• EXERCISE GOAL
What are the lines, word for word, from the line with "Coffee House Flyer - Restaurant Flyers" up to and including the line with "pedestal sink faucet replacement" in the records below? Omit the pictures.

• MATERIAL FOR THE TASK
○ ○ ○ ○

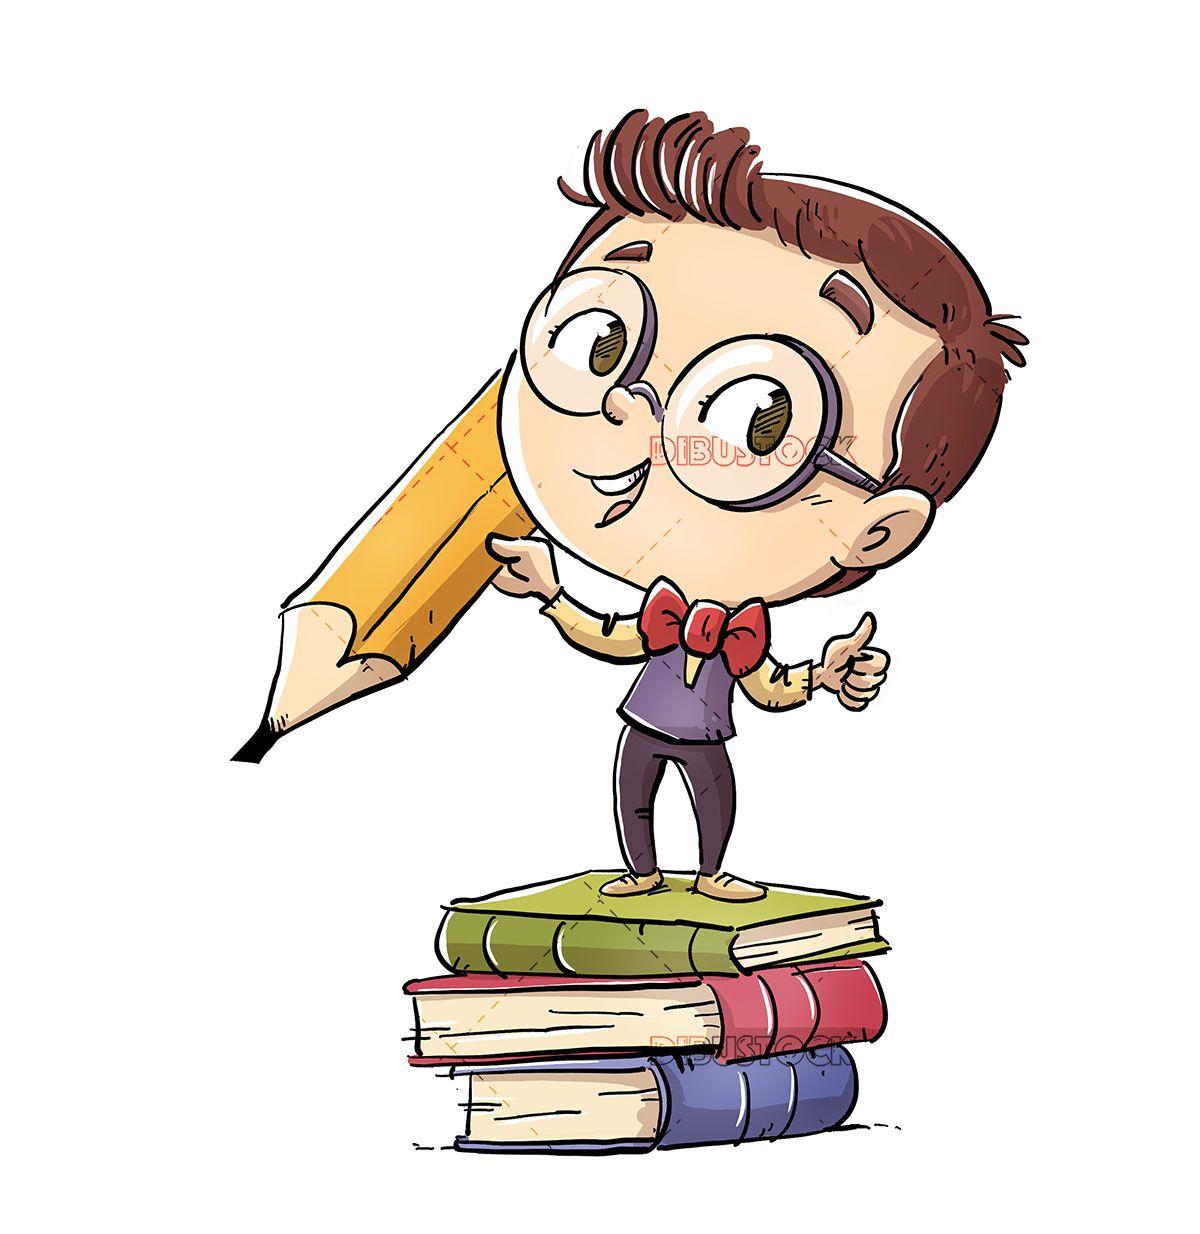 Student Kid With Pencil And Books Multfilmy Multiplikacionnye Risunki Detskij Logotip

○ ○ ○ ○

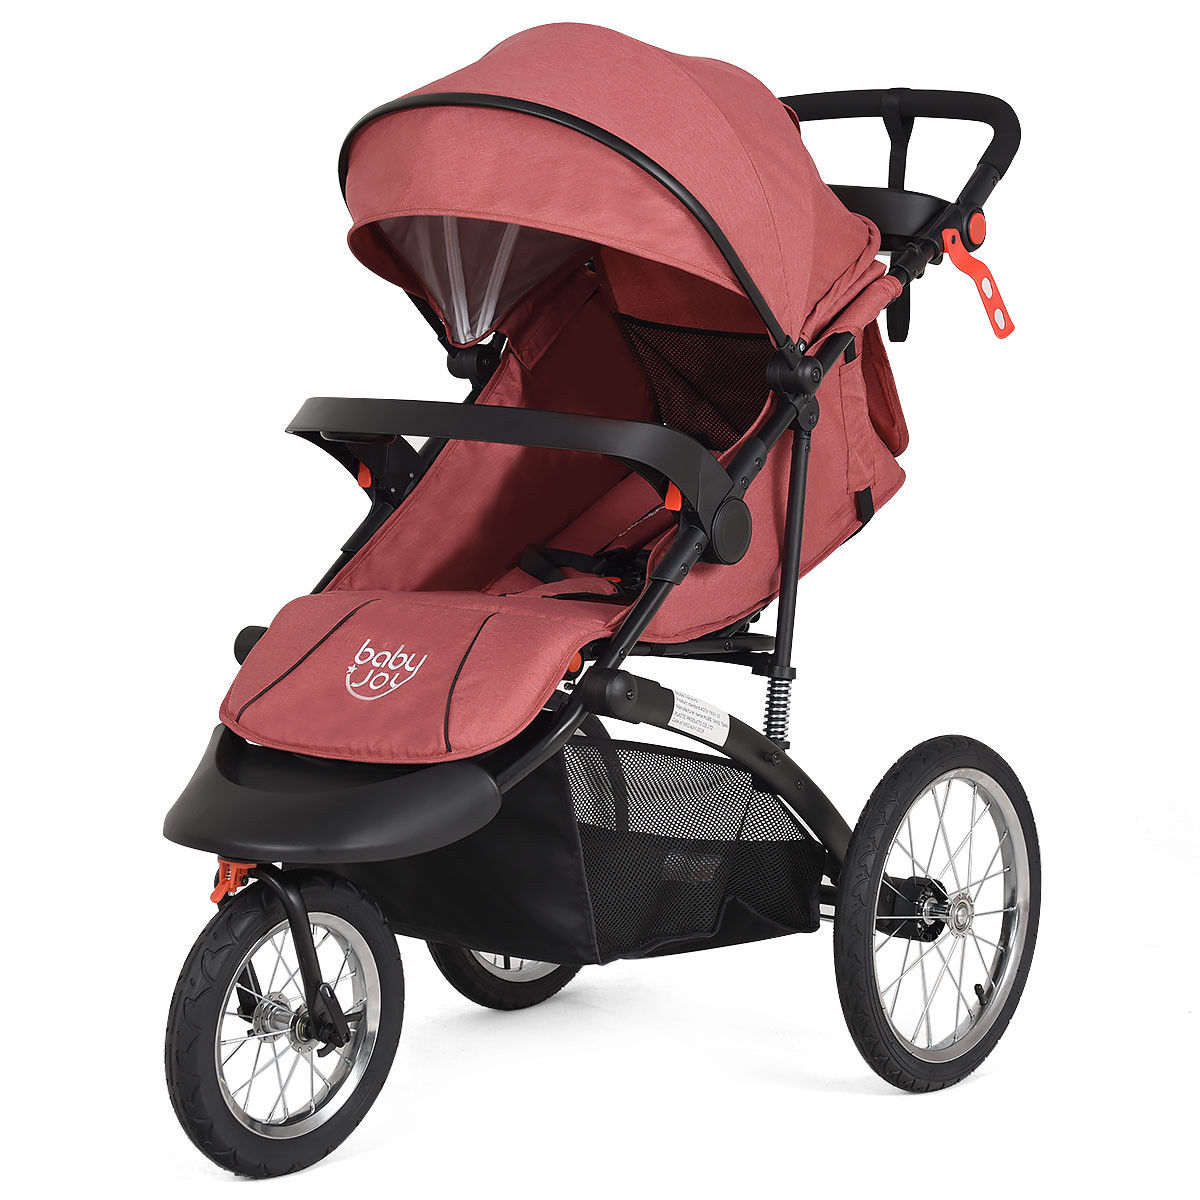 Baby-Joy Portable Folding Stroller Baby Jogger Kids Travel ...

○ ○ ○ ○

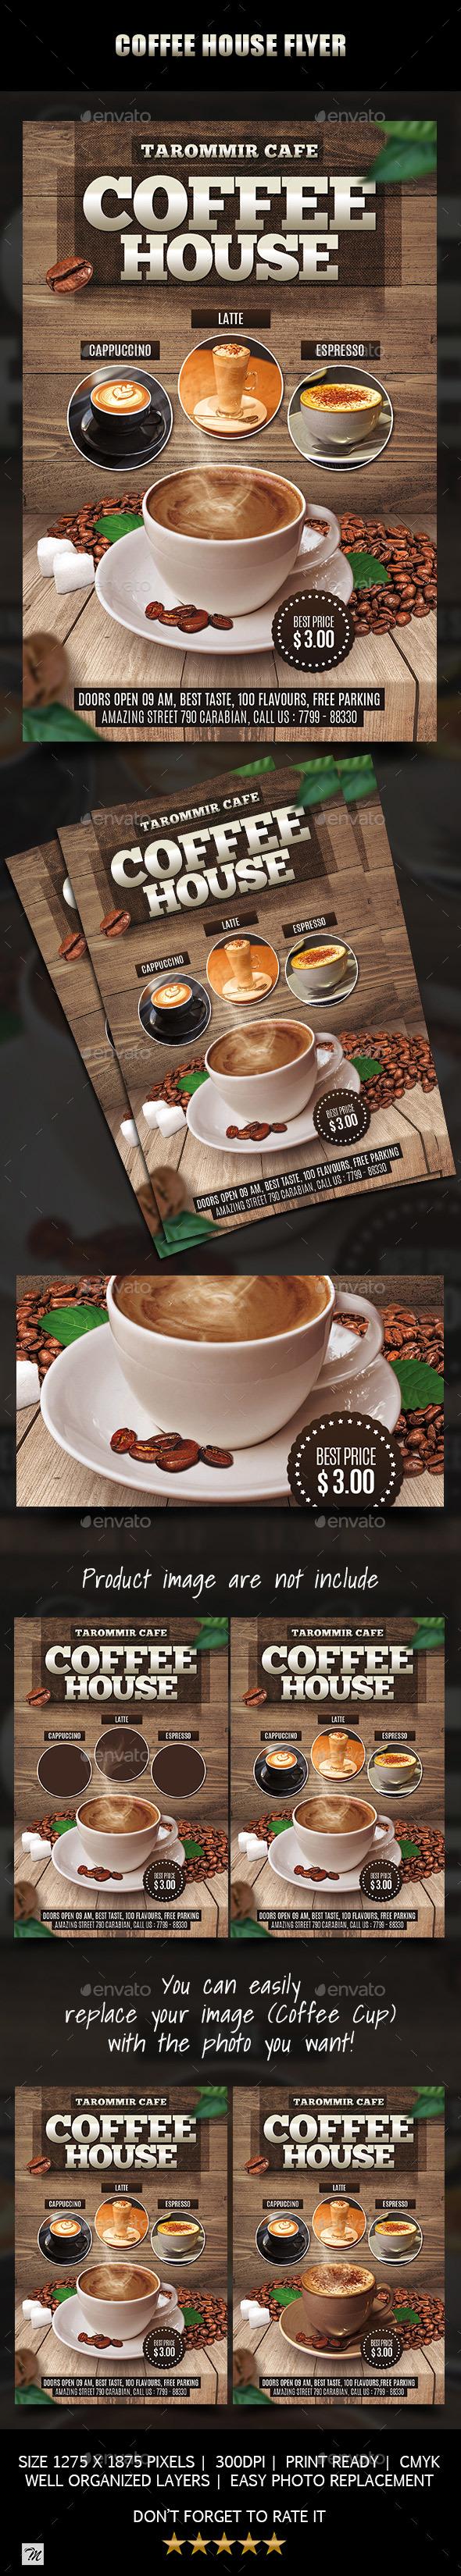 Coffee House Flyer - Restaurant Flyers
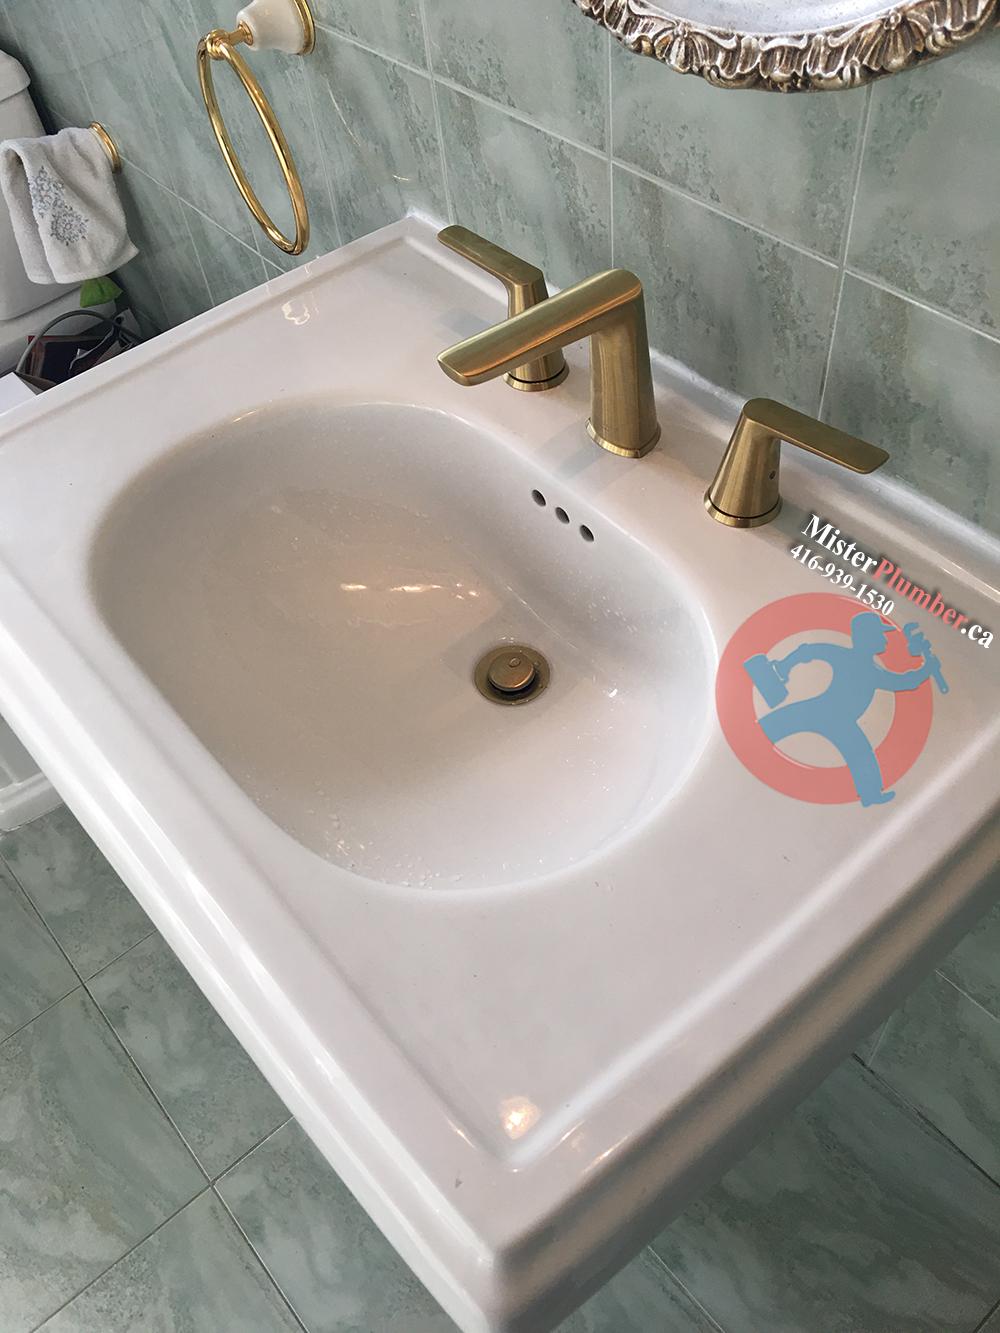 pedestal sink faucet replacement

○ ○ ○ ○

• EXERCISE OUTPUT
 Coffee House Flyer - Restaurant Flyers
 pedestal sink faucet replacement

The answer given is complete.